The comparison of chromosomal sequences allows the identification of the unique genomic signatures of pathogens for the purposes of infection control and "microbial forensics." Molecular typing methodologies, in contrast to classical phenotypic methods, allow the discrimination of variations among strains within a species, the elucidation of the route of contamination, the identification of the source of infection as well as the analysis of epidemics. The identification of the natural reservoir and any possible intermediate hosts of pathogens is critical for understanding the transmission modes, designing a long-term disease control strategy, and preventing future reintroduction ). Bioinformatics assisted biosurveillance addresses the inefficiencies of traditional surveillance, as well as the need for a more timely and comprehensive infectious disease monitoring and control. It leverages on recent breakthroughs in the rapid, high-throughput molecular profiling of microorganisms and text mining, as well as on the growing electronic body of knowledge about the molecular epidemiology of pathogens with epidemic potential. Such a framework combines the genetic and geographic data of a pathogen to reconstruct its history and to identify the migration routes through which the strains spread regionally and internationally (Cantón 2005; Sintchenko et al. 2008b) . Computer-based geographic information systems (GIS) have offered an efficient way to visualize the dynamics of the transmission of infections, especially in the setting of a community outbreak (McKee et al. 2000; Schreiber et al. 2007) .

Another way to track infectious diseases of public health concern is to monitor health-seeking behavior in the form of queries to online search engines used by the general public or health professionals. Epidemics of seasonal influenza in areas with a large population of Internet users have been successfully detected using Google search data and then correlated with visits to a doctor (Ginsberg et al. 2009; Brownstein et al. 2009 ). The advent of news aggregators has led to the development of new disease surveillance tools that can continuously mine, categorize, filter, and visualize multilingual online information about epidemics. The Global Public Health Intelligence Network (GPHIN), developed almost a decade ago by Health Canada in collaboration with WHO, HealthMap (http://www.healthmap.org/en) ( Fig. 1.2) or Geosentinel (http://www.istm.org/geosentinel/main.html) among many others are examples of such early warning systems. Resources for infection prevention and control on the World Wide Web have been recently reviewed elsewhere (Brownstein et al. 2009; Johnson et al. 2009) 

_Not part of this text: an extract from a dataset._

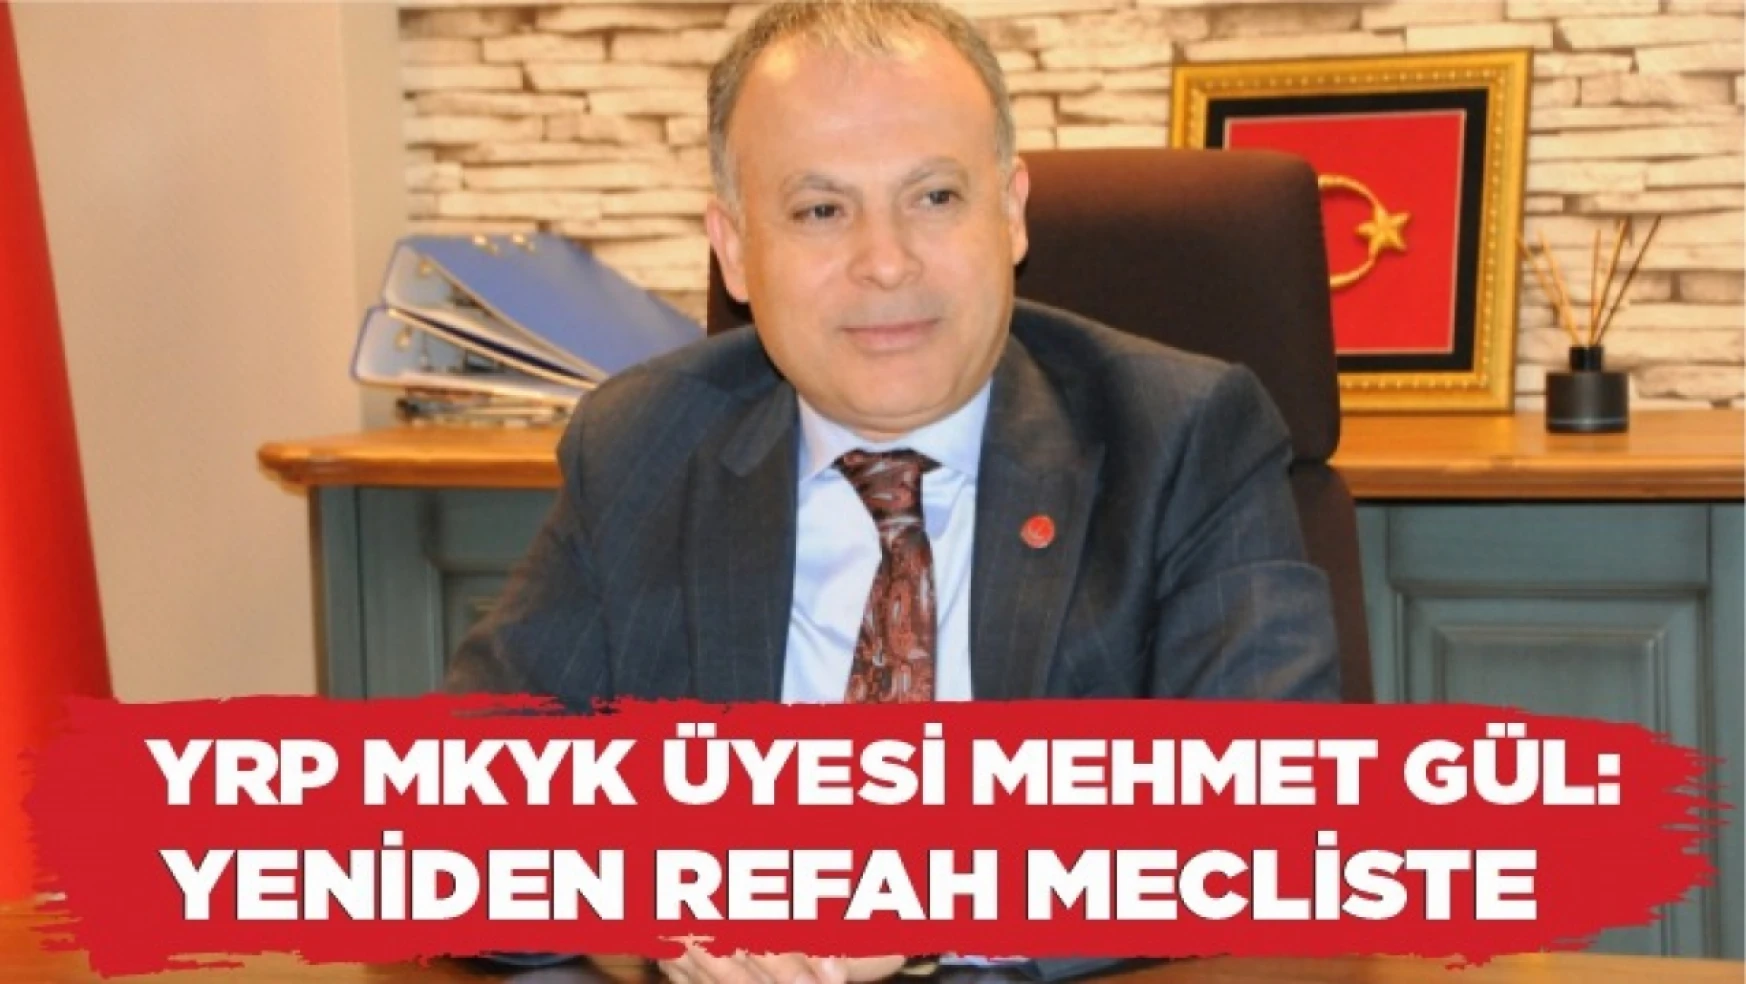 YRP MKYK Üyesi Mehmet Gül, Yeniden Refah Mecliste

The reductionist approach to biomedical research focusing on the study of cells and molecules has peaked with the sequencing of the human genome. However, it is becoming increasingly clear that "taking apart" analyses have reached their limit, and the time has perhaps come for integrative science (An and Faeder 2009) . Developments in informatics have been critical in supporting and engaging with both reductionist and integrative paradigms. On one hand, informatics has equipped comparative genomics with tools to scrutinize genes and explore genetic polymorphisms. On the other hand, informatics has enabled the generation of integrative and testable hypotheses through the discovery of knowledge in databases and through the study of gene-phenotype connections between a pathogen and its host environment. A variety of data sets can be integrated, including the patient's demographic and clinical presentation, the laboratory results, the pathogen's gene regulation and expression, and metabolic maps with different parameters reflecting the phenotypic behavior of a pathogen and host factors. In early years some skeptics saw informatics-assisted research as a distraction of effort and funding away from traditional hypothesis-driven inquiry. Since then, infectious disease informatics has verified its status as a platform for hypothesis generation and testing ). New breakthroughs in infectious disease informatics (IDI) are the result of cross-pollination between different disciplines that use technologies to gather and disseminate knowledge (Fig. 1.3) . Microbial genome sequence analysis and metagenomics have contributed intriguing new data types and data sources to IDI. Bioinformatics has brought to the IDI a range of analytic tools, databases and data standards. Conventional health informatics and computer science has provided high performance solutions for the data storage, sharing, analysis and visualization as well as clinical terminology libraries, data standards, decision support and technology evaluation frameworks. Importantly, the infectious disease informatics community has fed the lessons learnt from the implementation of clinical and public health systems back to the broader audience.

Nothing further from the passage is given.